Ближе к 20 августа тон советской пропаганды делался все более зловещим. Нагнетали тревогу и многочисленные совещания руководителей стран «лагеря мира и социализма» с их ультимативными требованиями к руководству ЧССР. Все говорило о том, что готовится вторжение, но поверить в это было совершенно невозможно. Тогдашние настроения советских руководителей хорошо иллюстрирует эпизод, имевший место на их последних переговорах с руководителями Чехословакии в Черне на Тиссе. В составе чехословацкой делегации находился председатель Национального фронта ЧССР и член Политбюро ЦК КПЧ Франтишек Кригель, еврей по национальности. По свидетельству Зденека Млинаржа, у Кригеля «по сравнению с другими членами дубчековского руководства не было никаких идеологических иллюзий относительно советской великодержавной политики». Советские представители это, конечно, чувствовали, и то ли Подгорный, то ли Шелест, я запамятовал, после одного из выступлений Кригеля в открытую высказался в том смысле, что какое, мол, право имеет «этот еврей говорить от имени чехословацкого народа»? Делегация ЧССР в знак протеста ушла с совещания и вернулась на другой день лишь после того, как советские коммунисты-интернационалисты принесли ей и Кригелю официальное извинение.

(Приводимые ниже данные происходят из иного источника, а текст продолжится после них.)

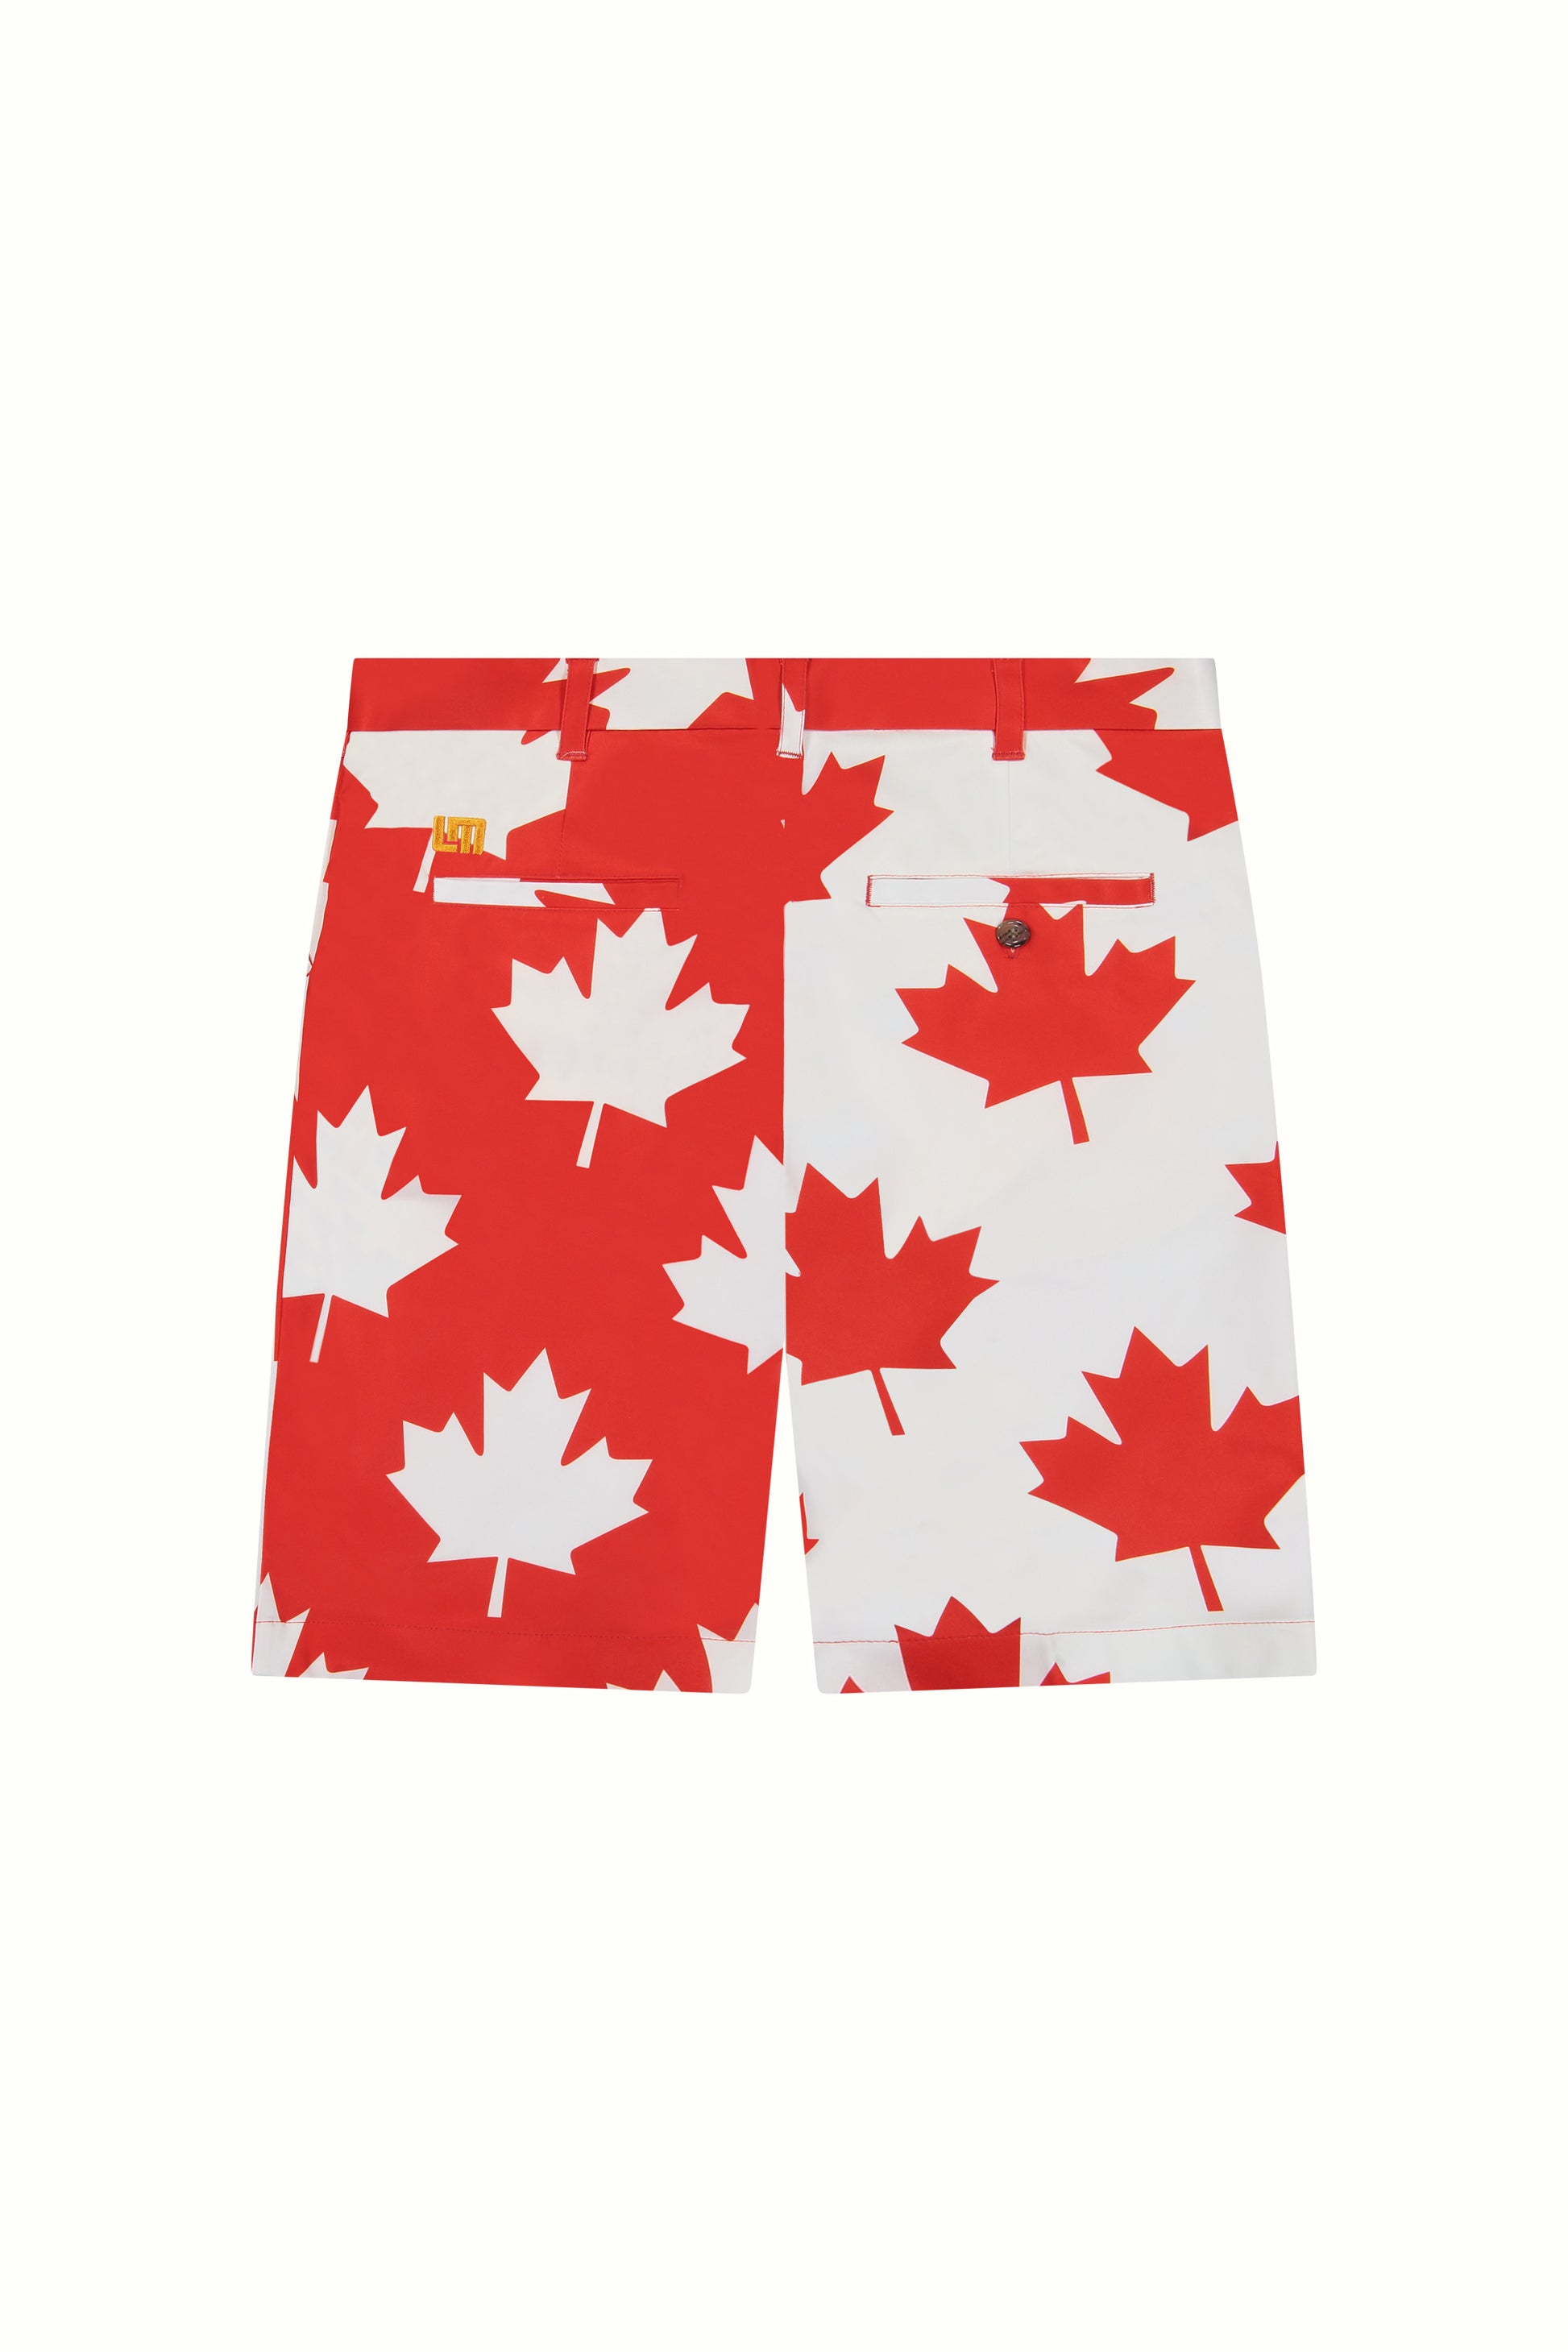 Red and white shorts with a maple leaf print

Позже, после вторжения советских войск в Чехословакию, Кригель, единственный из руководителей ЧССР, отказался подписать соглашение с «советскими товарищами» об условиях «временного» пребывания «варшавских» войск в Чехословакии. Интересно также, что Кригель был участником гражданских войн в Испании и в Китае, но (десять восклицательных знаков) в качестве полевого врача. Он был врачом по специальности. Врачом он работал и в Чехословакии в начале 50-х годов, когда попал в немилость в разгар сталинского антисемитизма.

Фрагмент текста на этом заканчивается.